Он на мгновение задумался. Затем взял со стола телеграфный бланк и написал: «Друг вашей дочери, Жан-Батист Деспьер, сообщил мне о желании Вероники работать в парижском бюро путешествий. Бюро, интересы которого я представляю, ищет молодую женщину, владеющую итальянским, французским и английским. Буду признателен, если вы сообщите адрес Вероники или телефон, по которому можно с ней связаться». Джек указал в конце свою фамилию и адрес гостиницы, где он проживал.

– Думаю, такой текст подойдет, – сказал он, протягивая листок Брезачу. – Переведи.

Парень прочитал послание.

– Она знает еще испанский, – заметил он. Добавь это.

Резкость и бравада Брезача исчезли, он казался беспомощным и грустным. Парень закончил переводить, протянул бланк клерку и не позволил Джеку расплатиться.

– Я больше, чем вы, заинтересован в том, чтобы она нашлась, – упрямо сказал он. – Что бы вы ни говорили.

Джек и венгр стояли возле залитой неоновым светом хромированной стойки бара, где размещался громадный аппарат для приготовления кофе espresso. Телефон находился в глубине бара; они видели, как Роберт опускает в щель один жетон за другим и терпеливо набирает номер, с отчаянием вешает трубку и начинает все заново. Он обзванивал друзей Вероники. Джек пил бренди, венгр потягивал вермут. В дальнем углу бара стоял китайский бильярд. Возле него толпилась молодежь, наблюдавшая за игрой. Когда шарик попадал в цель, раздавался звон.

– Он добрый человек, – сказал Макс, кивнув в сторону Брезача. – Редко встречаешь столь отзывчивых людей его возраста. Я знаю Роберта больше года, с момента моего приезда сюда; он одел меня, порой кормил, а теперь приютил у себя. Несмотря на то, что нам приходится спать на одной кровати. Но он знал, что я жил в комнате с четырьмя другими людьми и спал на полу. Должен признаться, он изменил мое представление об американцах.

– Не спешите с выводами, – сказал Джек, потягивая бренди. – Не все американцы такие. И слава Богу.

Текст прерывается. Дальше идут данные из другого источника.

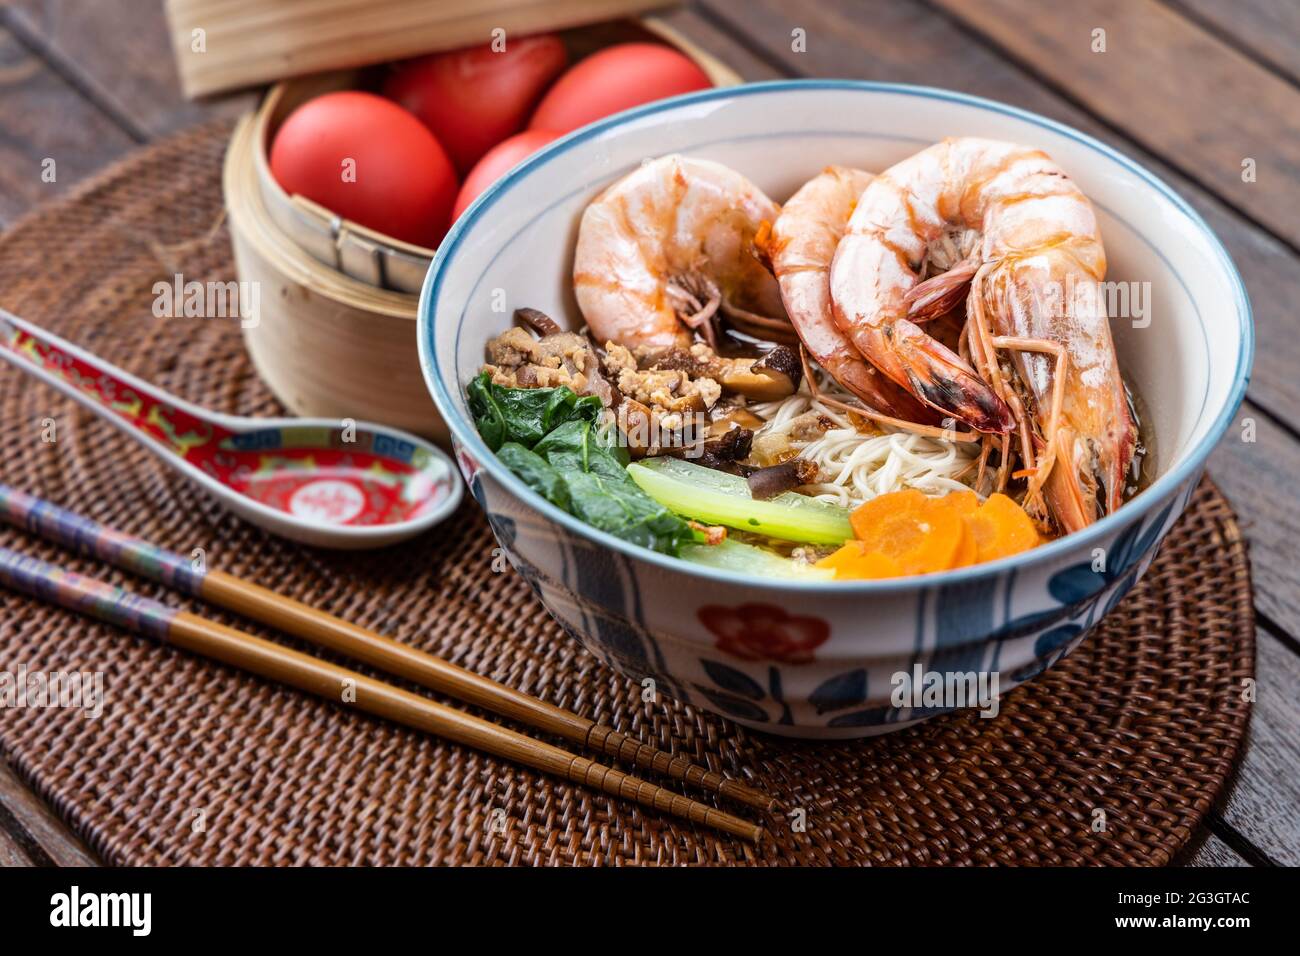 Serve noodle di compleanno con uova rosse, una tradizione tra i cinesi durante le celebrazioni di compleanno Foto Stock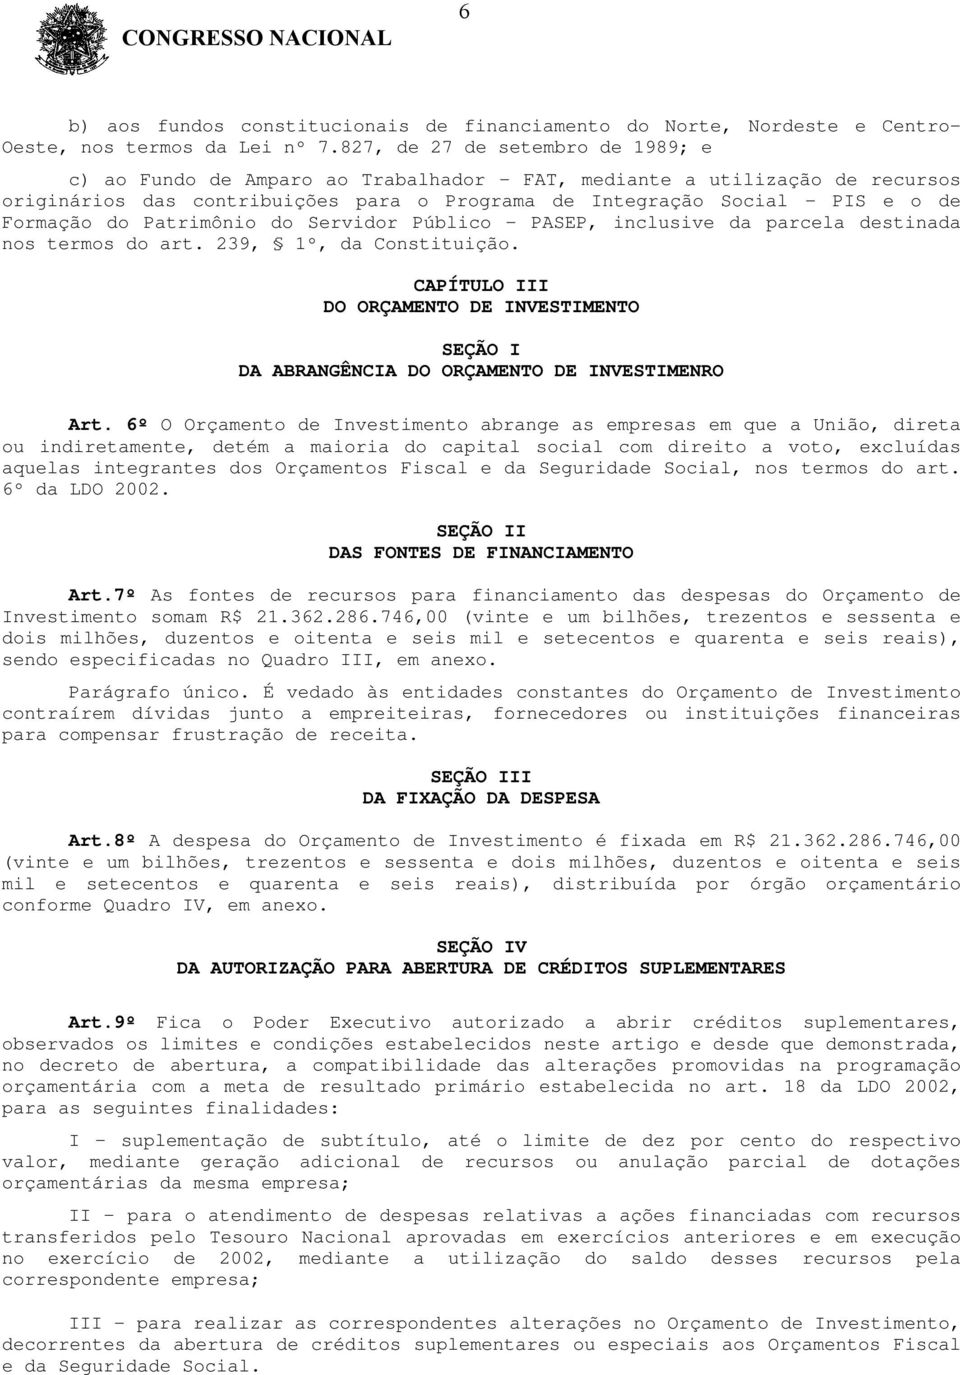 Formação do Patrimônio do Servidor Público - PASEP, inclusive da parcela destinada nos termos do art. 239, 1º, da Constituição.

– Он – человек, рожденный для печали, – произнес Макс. – Поэтому хорошо понимает горести других. Жаль, что у него так вышло с девушкой. Он ее сильно любит. Слишком сильно. Поэтому она и ушла от него. Если любишь кого-то столь сильно, это следует скрывать. В целях самозащиты. Он хотел владеть каждой минутой ее жизни. Это неправильно. Когда пьешь вино любви, кое-что надо оставлять в бокале.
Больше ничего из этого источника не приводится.